In MN the inspectors want it on everything, even if it's a shed. I'm pretty sure it is code. Whether it is heated or not, it can still have ice on the eaves.


----------



## twaters12 (Jan 30, 2006)

Thanks! I'm in upstate NY. Our local codes says one thing and the State code says another. We do get some ice here.


----------



## AaronB (Jan 29, 2005)

You will still get some ice with snow melt from daytime sun and nighttime freeze, but not like youll get from indoor heat escaping to the attic and enhancing the thaw and re-freeze overthe eave, even during the day on the really cold days. I have no heat ion my garage, and do not get ice dams, even with the biggtest snowfalls.


----------



## jmorgan (Feb 10, 2005)

I think it is a good idea, due to the sunmelt ice dams mentioned. I believe code requirements are 24" inside the warm wall, which implys heated space only. In my area, ice dam protection is not required for unheated areas.
Jim


----------



## twaters12 (Jan 30, 2006)

Thank you all for your help. It is appreciated.


----------



## 747 (Feb 11, 2005)

AaronB said:


> You will still get some ice with snow melt from daytime sun and nighttime freeze, but not like youll get from indoor heat escaping to the attic and enhancing the thaw and re-freeze overthe eave, even during the day on the really cold days. I have no heat ion my garage, and do not get ice dams, even with the biggtest snowfalls.
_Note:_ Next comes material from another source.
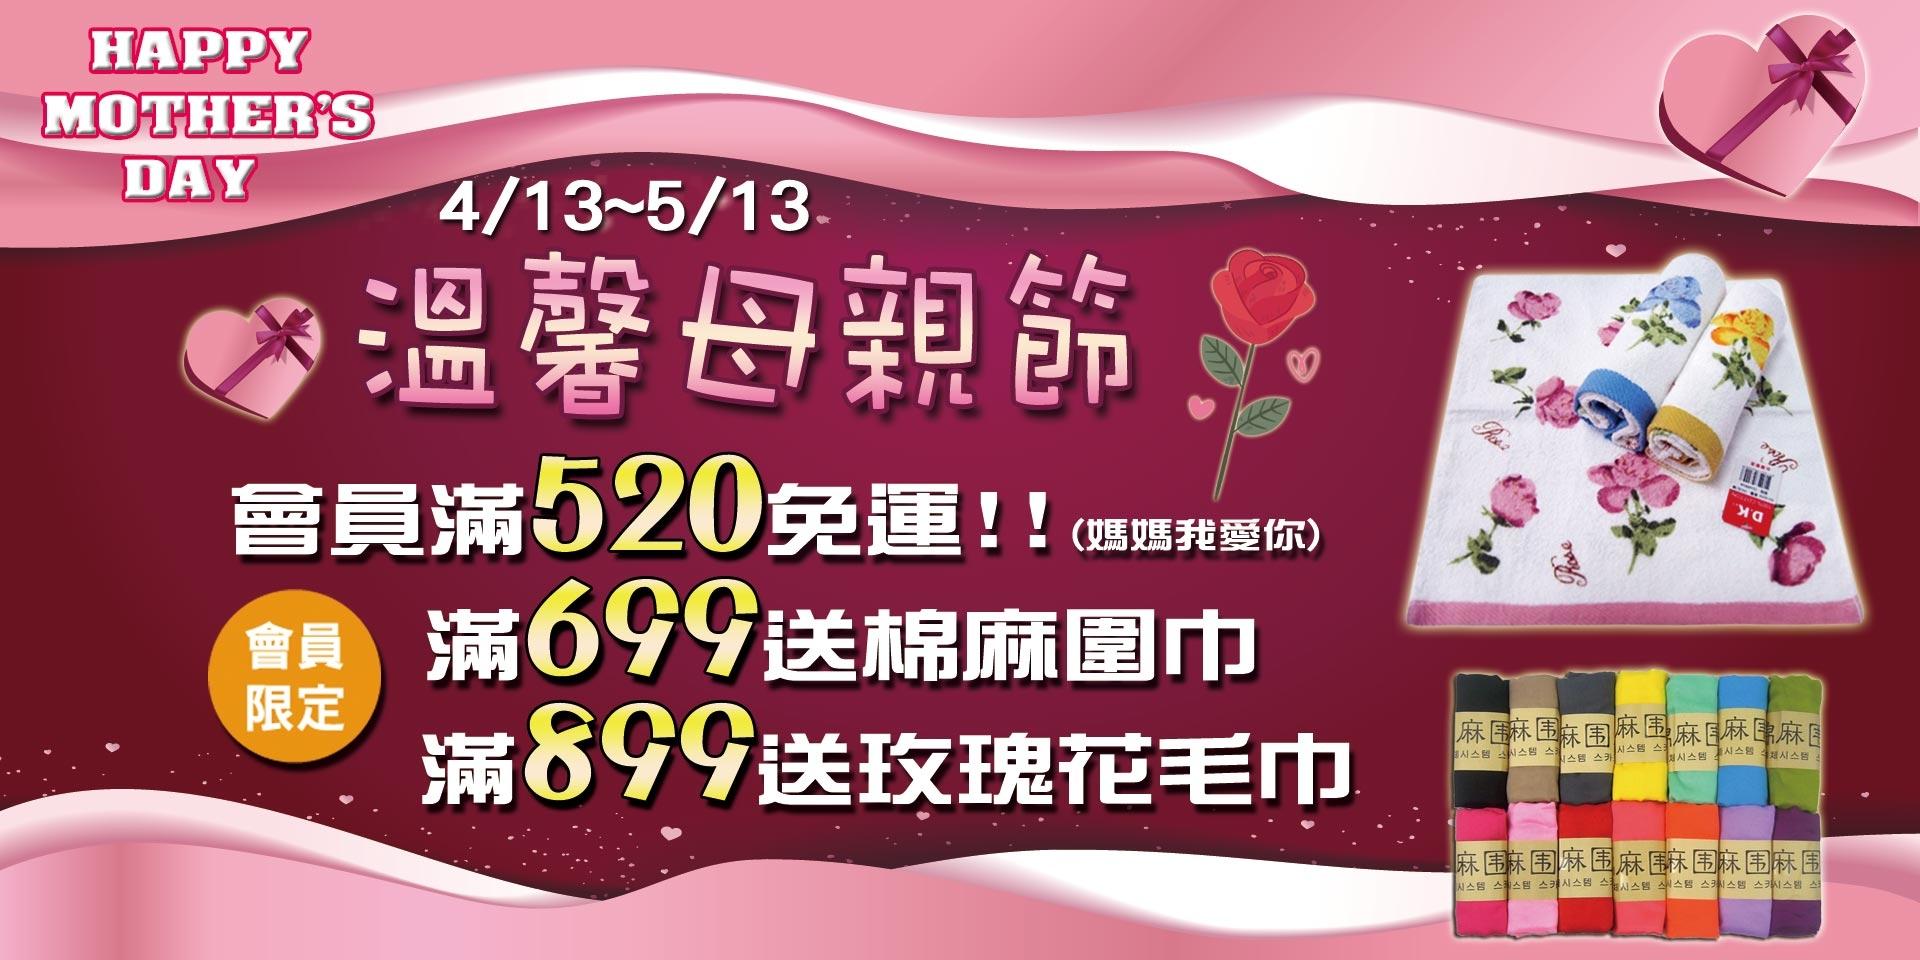 歡慶母親節~會員滿520免運、滿699送棉麻圍巾、滿899送玫瑰花毛巾

I don't either and i have a two car detached garage not heated and not insulated.

Ps. Ice and water shield isn't a code requirement where i live. Because when my house was re roofed last summer i said i wanted it and the carpenter said i really didn't need it but he could put it under the starter singles above gutters.


----------



## jmorgan (Feb 10, 2005)

747,
I'm not sure where kankakee county is, but the greater Chicago Area requires ice dam protection as per code. 24" inside the warm wall. Grumpy is from IL., maybe he will see this and respond. Or try posting to www.rooferscentral.com, he will see it there for sure.
Jim


----------



## AaronB (Jan 29, 2005)

Im in Illinois also, and Chicago doesnt even require a permit for roofing. No Inspectiona are ever doen, no code is ever enforced regarding roofing.

Some municipailties require it for heated space, some do not.


----------



## 747 (Feb 11, 2005)

Aaron did you have to get one for your sisters house. If so what was city hall in momence like to deal with for a permit? Just curious.


----------



## AaronB (Jan 29, 2005)

My sister got the permit, so I really dont know exactly how they are, but she said Mommence was really willing to work with them to make sure everything was up to code. They did come and inspect the framing and structure.


----------



## THEMAN (Mar 9, 2005)

*Ice / water Shield*



twaters12 said:


> Is it necessary to install ice/water underlayment on the eaves of an un-heated garage that is attached to the house?



Twaters12

N.Y.S. Residential Code requires ice and water shield 24" from outside wall--but it"s a good idea to do your garage, some time you might want to insulate the garage.
al


----------